Промочив горло давным-давно остывшим кофе, все еще весело смотрю на Рябова, а затем бросаю приказным тоном:
— Рассказывай!
— Ситуация неординарная, — повторился коммерческий директор, однако на этот раз я не стал его одергивать. — Везде все как положено. Или принято. А здесь? Монополизм, можно сказать.
— То есть?
— То есть везде платят братве или ментам. Нормальная схема. Но в этой дыре — только ментам. Они братву сами создали. Искусственно. Тот же покойный Будяк... Он роль играл. Конспираторы хреновы. Доконспирировались, ни одного дела по фактам вымогательства. Даже для приличия...

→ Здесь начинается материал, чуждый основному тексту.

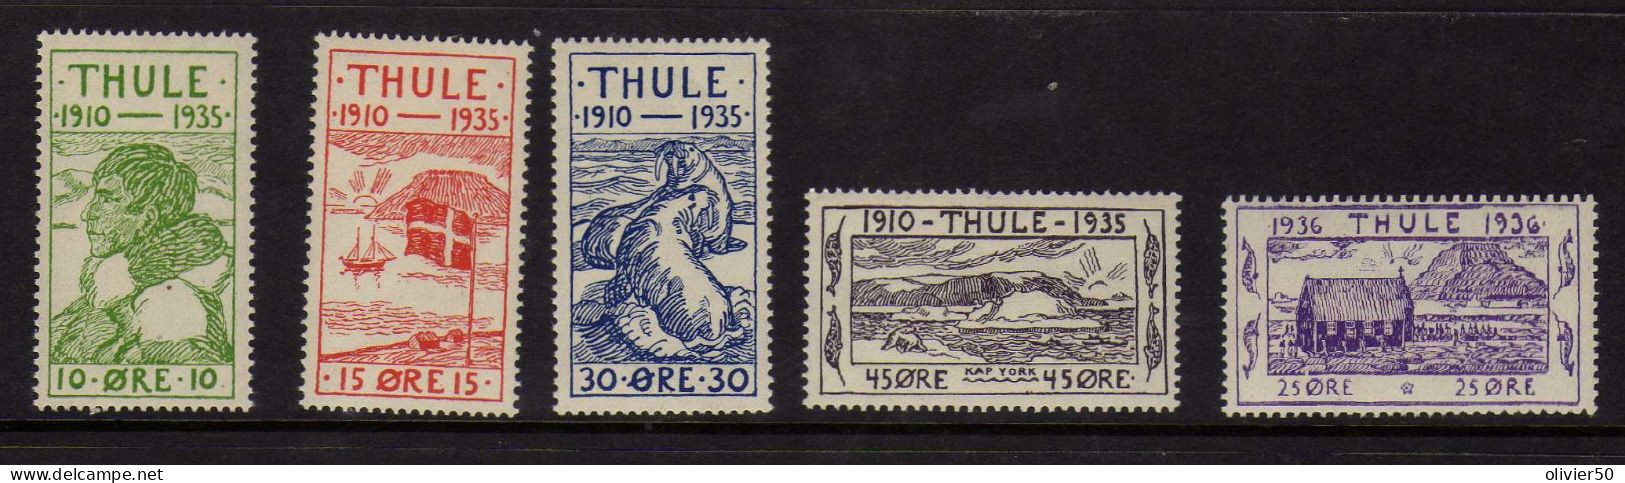 Groenland  - Thule - (1935-36) - Knud Rasmussen -  Morses - Paysages -  Neuf** - MNH - Thule

— Нестеренко к этому руку прикладывал?
— Здесь все прикладывают. Братва так называемая за малую долю занимается инкассацией. Корчит из себя крышу, когда на торговцев идет плановый ментовский налет. Потом снимает дополнительную пенку — и всем хорошо. Фраерки убеждаются, какая могучая у них крыша, потому что менты ведут себя соответственно. Вчера грозились на десять лет усадить, а после переговоров с крышей становятся ласковее мамы.
— Так зачем же им было мочить Будяка?
— А ты знаешь, кто его грохнул?
— Нет, — откровенно признаюсь я. — Зато ты знаешь.
— Откуда? Это убийство не лезет ни в какие ворота. Как ни крути.
— Покрутим с другой стороны. Кто застрелил администратора?
Рябов засопел и раскололся:
— Бригада Будяка.
— Всем составом этой художественной самодеятельности под видом деловых? Конкретику давай. Ты сегодня не отмолчишься.
— Если так можно сказать — заместитель Будяка. Васькой зовут...
— Мент?
— Был ментом, — конкретизирует Рябов.
— Когда ты его взял под колпак?
— А мне долго думать не нужно. Всех берем. С кем ты соприкасался.
— И тех двоих в баре? Они ведь не бывшие.
— Нам без разницы. Ты работаешь на отвлечение...
— Как Васька себя чувствует?
— Отлично. Алиби у него нестойкое, оттого и спокоен. Вдобавок друзья в погонах. Компаньоны, можно сказать.
— Понимаю. А как на это все реагирует Маркушевский?
— А чего ему реагировать? Он анализом занимается. Менты опять под сокращение идут. На тридцать процентов. И зарплату им вдвое урезали. При такой постановке дела...
— Мне эти рефлексии, Сережа, без особой надобности. Дай подумать... Значит, так. Будяк знал, кто я такой. Убрать Будяка мог только тот, кто не боялся разрушить стройную систему получения хороших доходов. Васька-мокрушник сюда вписывается?